[Collected material]
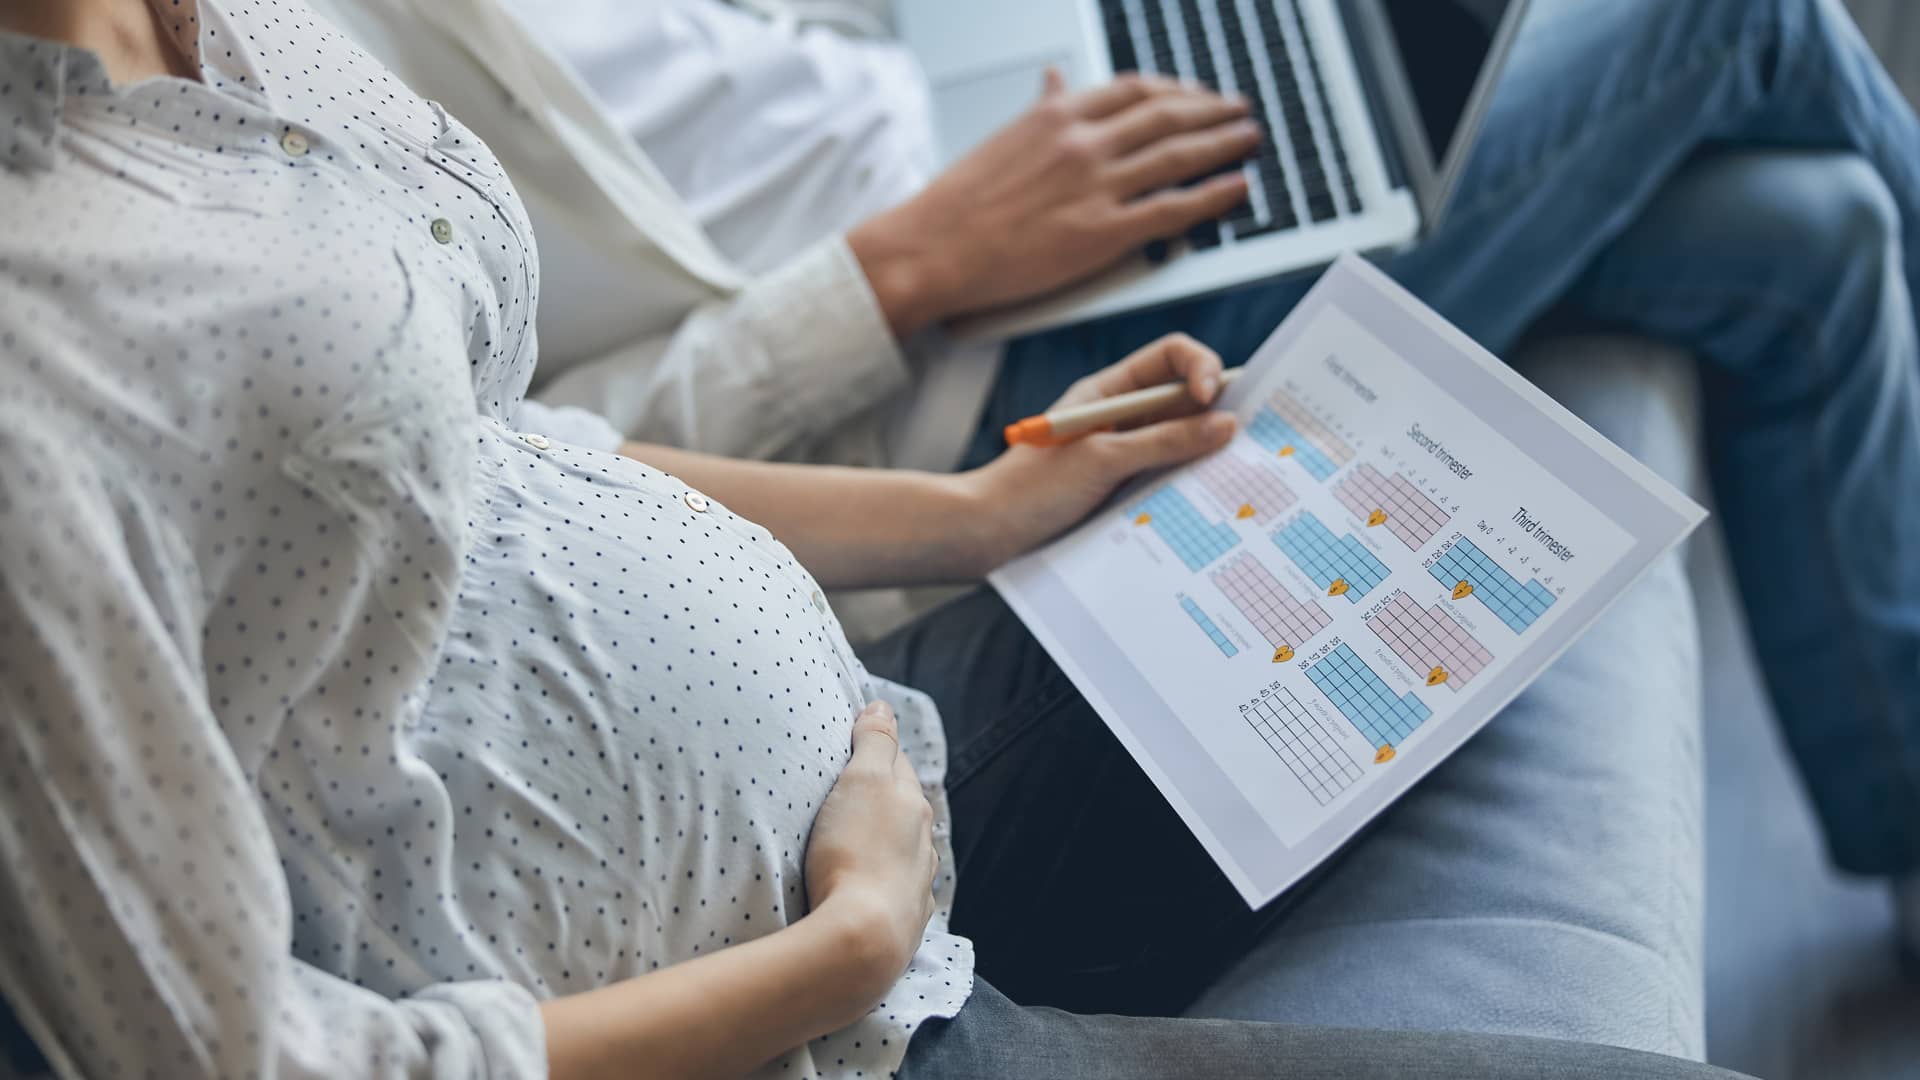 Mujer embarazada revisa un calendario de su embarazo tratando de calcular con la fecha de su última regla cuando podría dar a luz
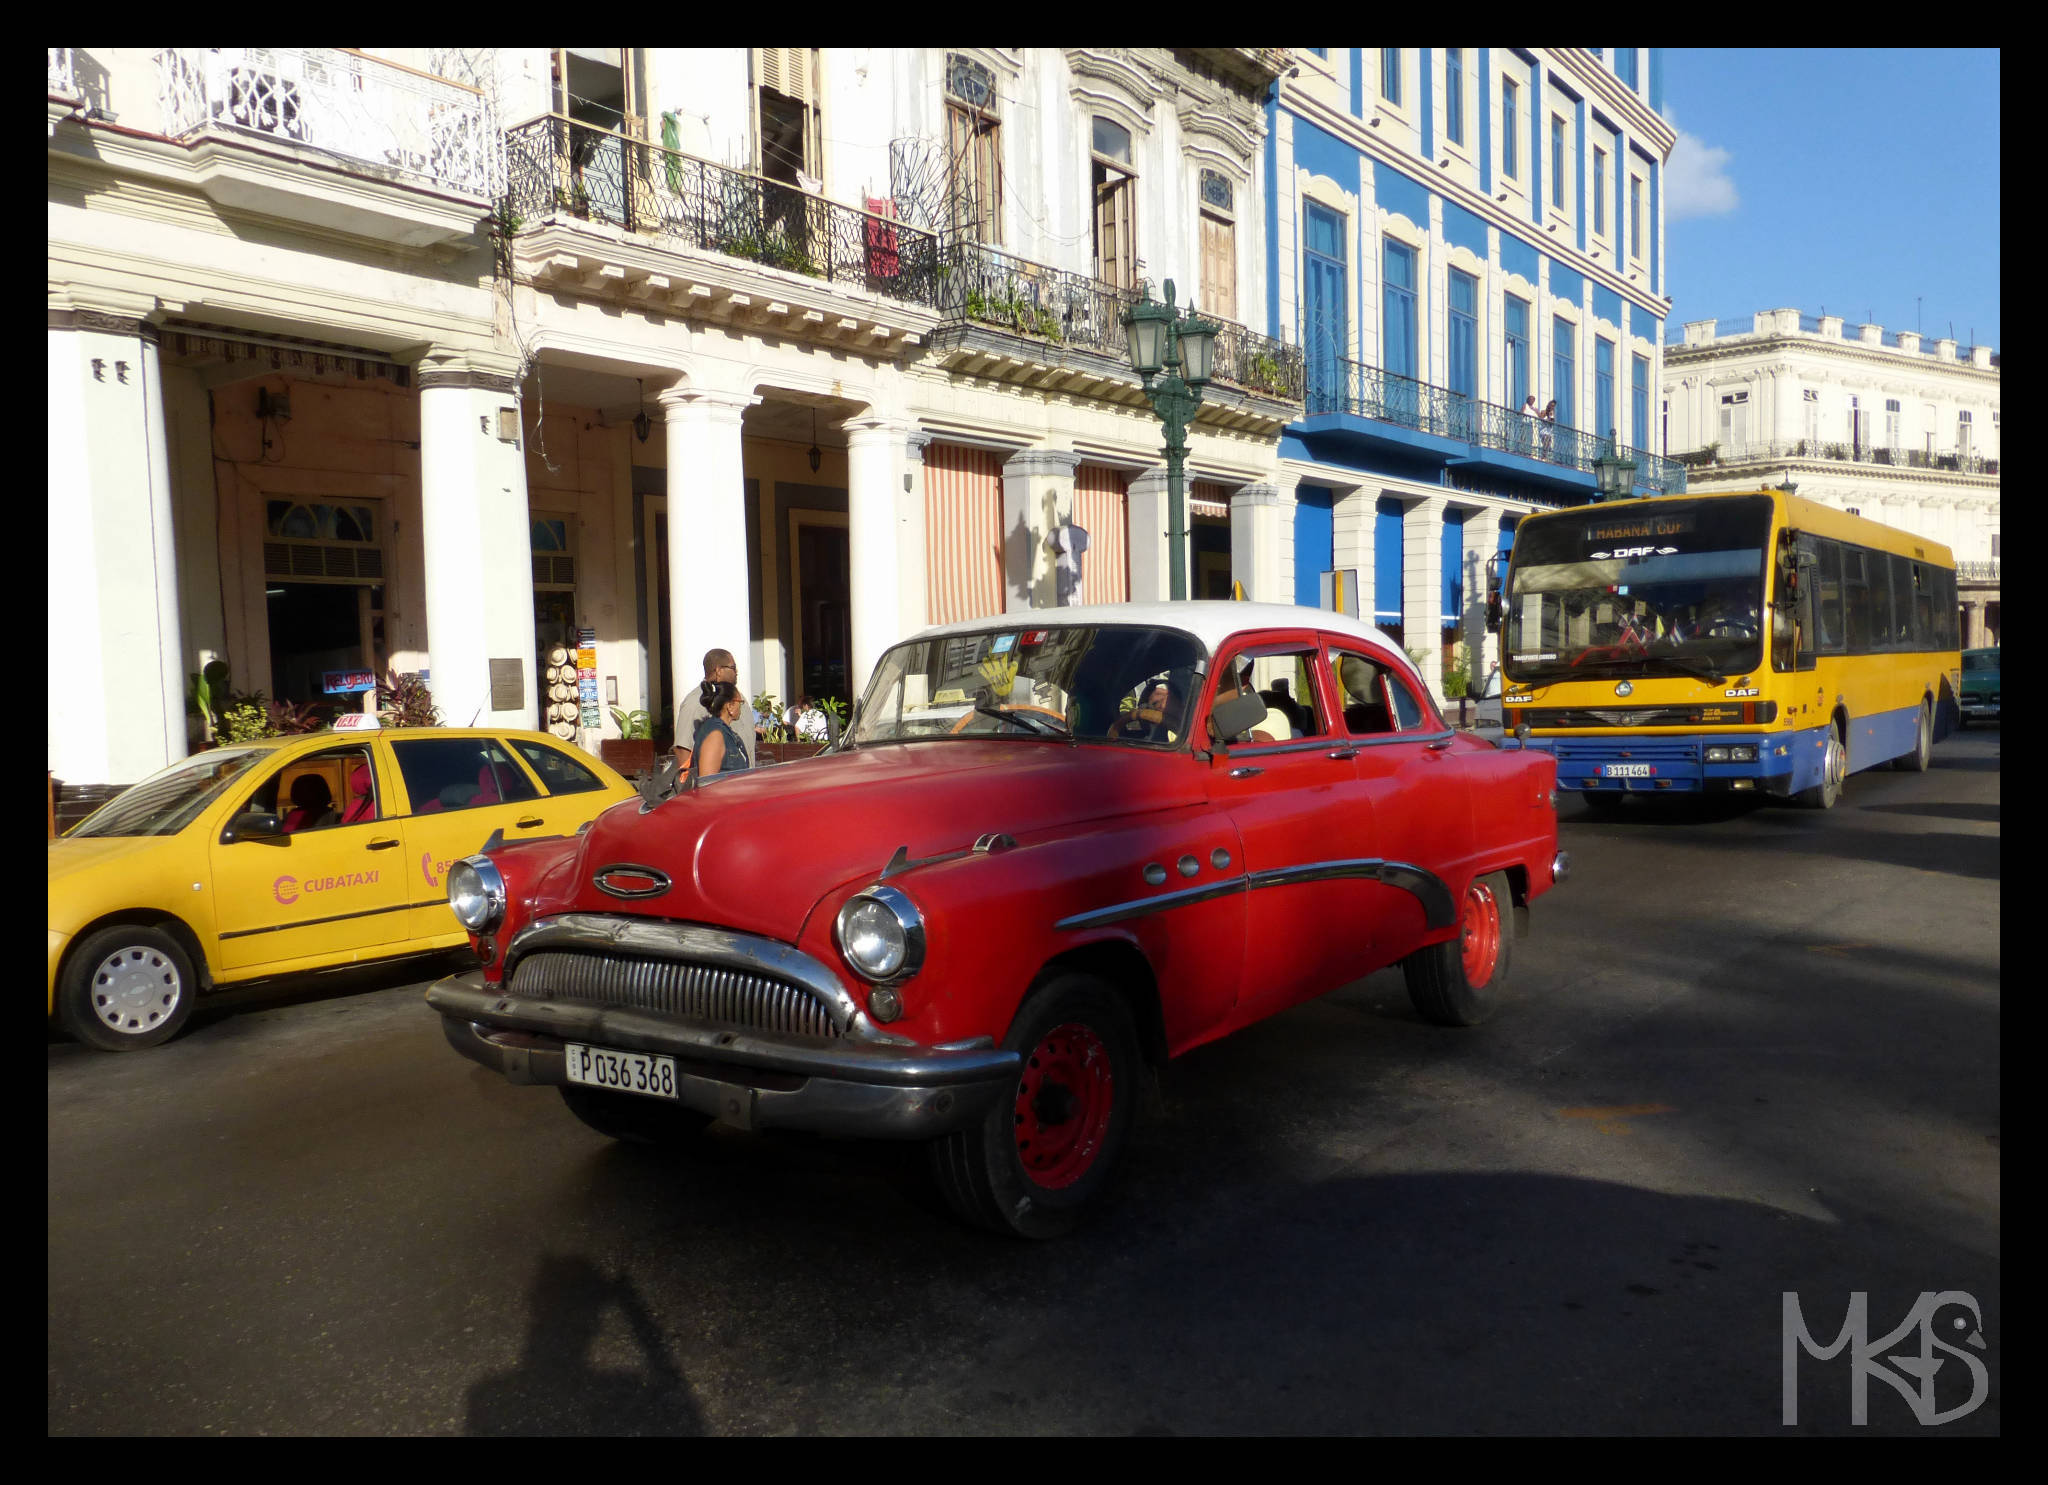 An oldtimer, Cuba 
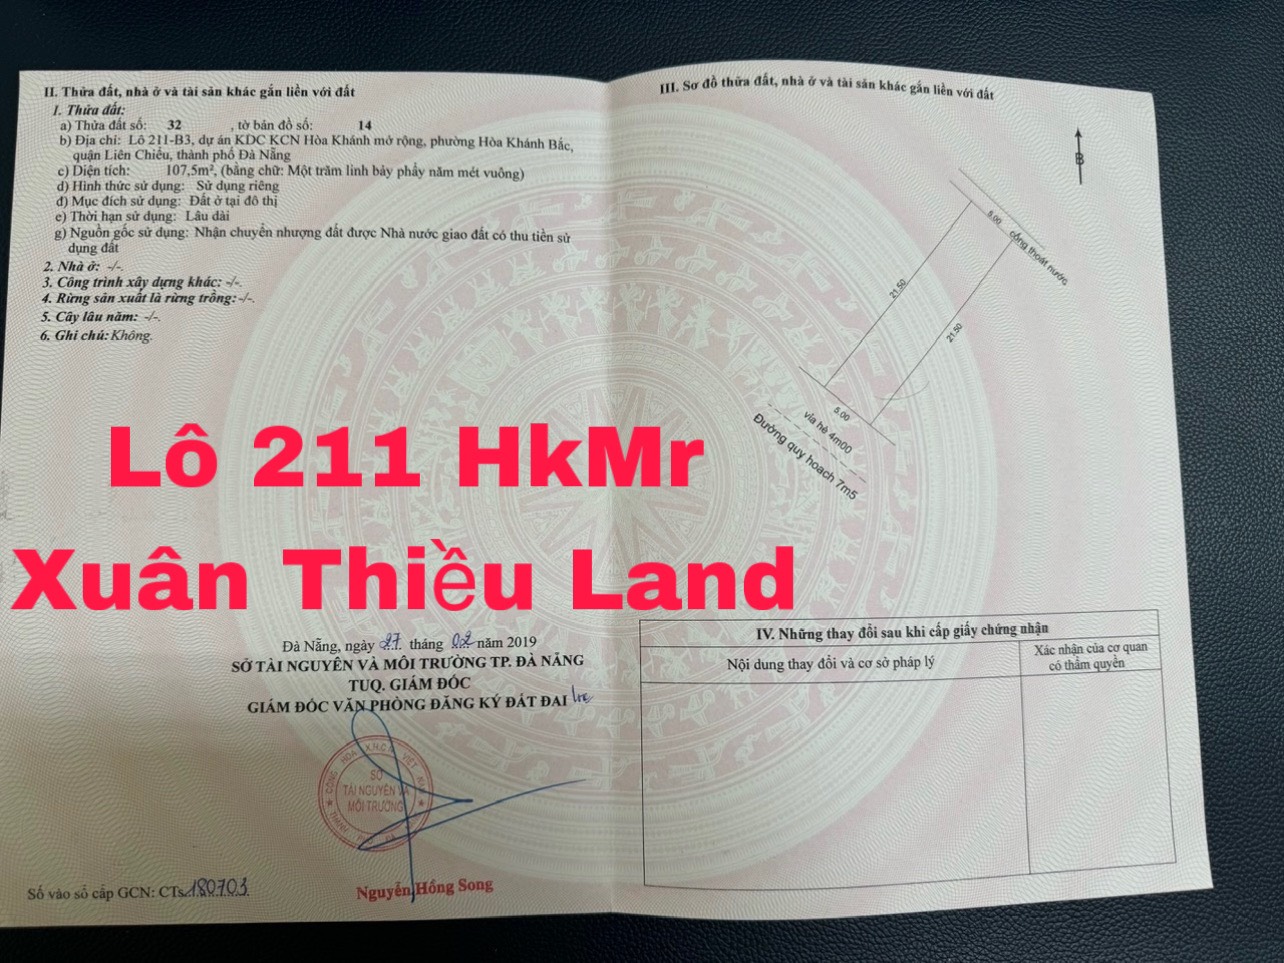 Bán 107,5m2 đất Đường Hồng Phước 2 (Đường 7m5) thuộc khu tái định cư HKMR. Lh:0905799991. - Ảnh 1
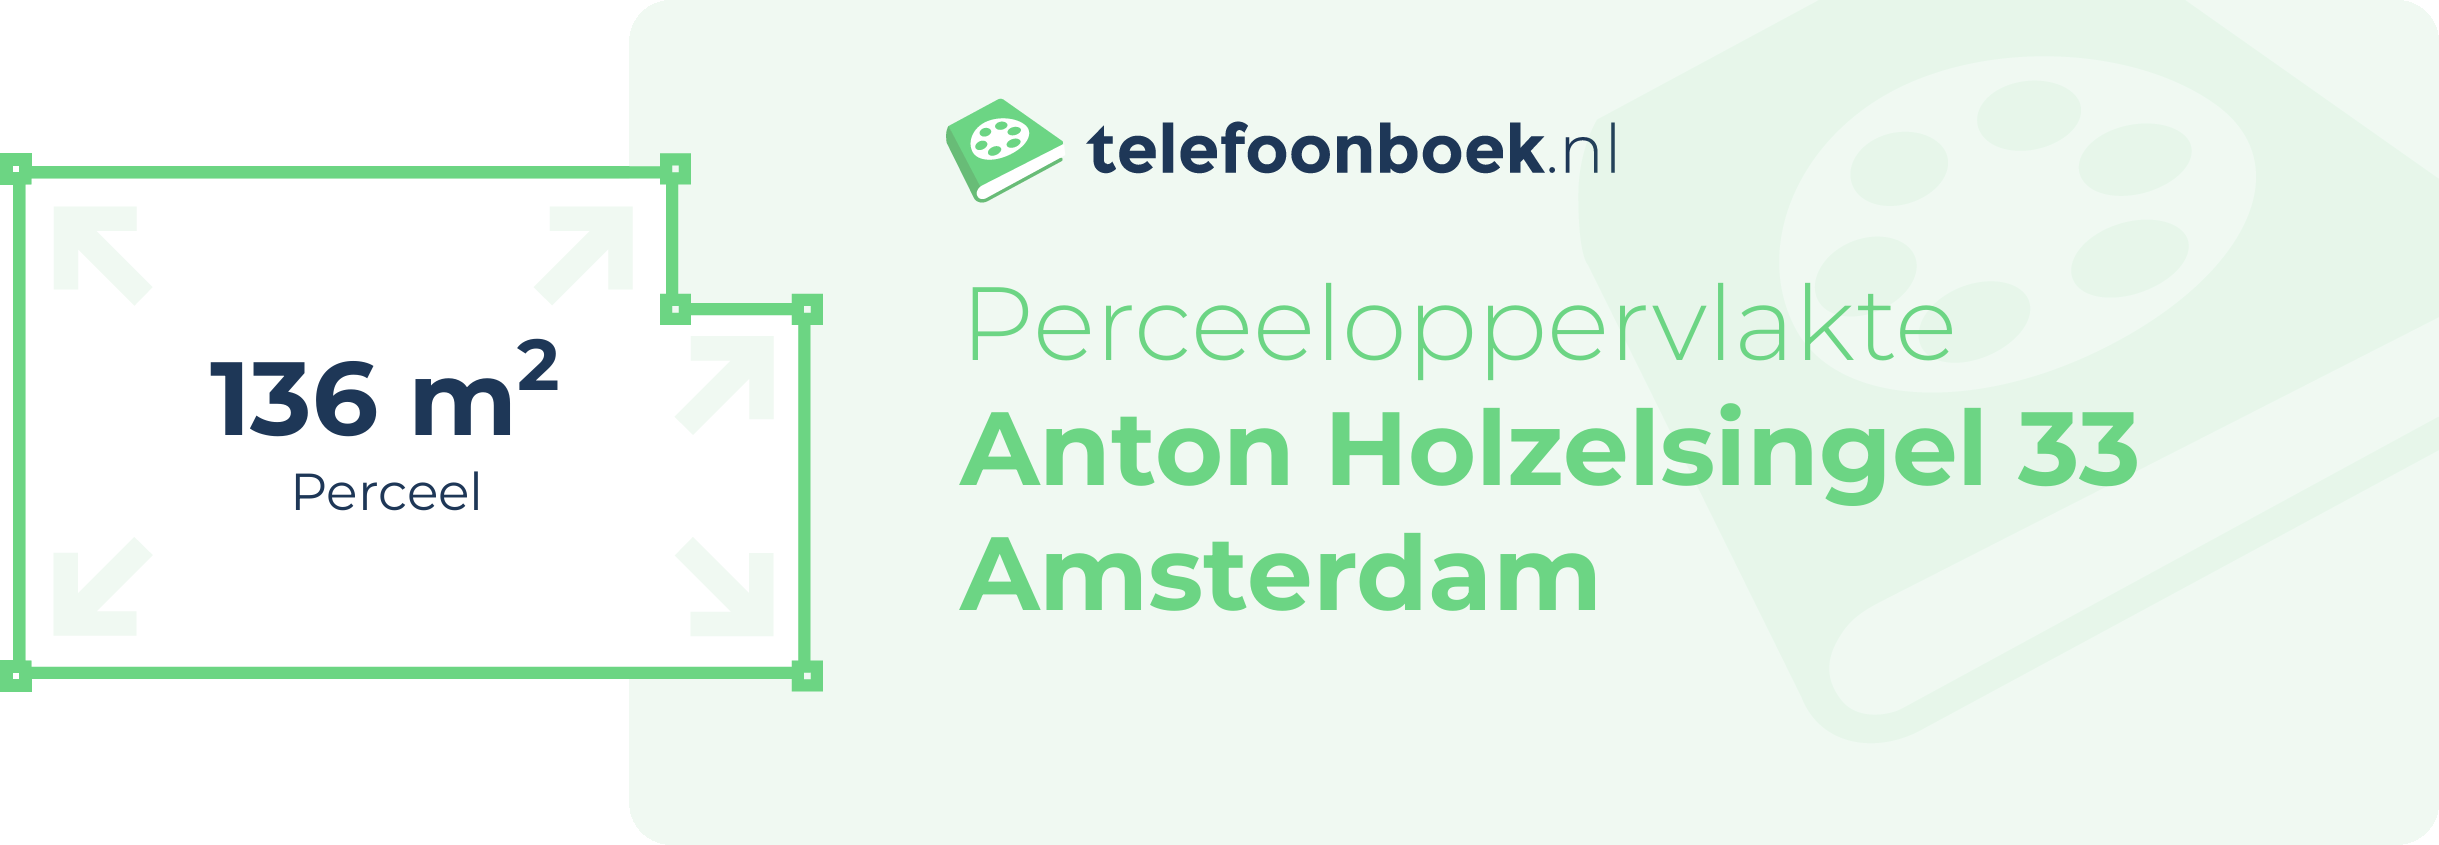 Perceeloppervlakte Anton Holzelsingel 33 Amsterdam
[/Collected material]
Everything in the listing above is to be given again exactly, apart from the pictures.

* _Result below_:
 Mujer embarazada revisa un calendario de su embarazo tratando de calcular con la fecha de su última regla cuando podría dar a luz
 An oldtimer, Cuba 
 Bán 107,5m2 đất Đường Hồng Phước 2 (Đường 7m5) thuộc khu tái định cư HKMR. Lh:0905799991. - Ảnh 1
 Perceeloppervlakte Anton Holzelsingel 33 Amsterdam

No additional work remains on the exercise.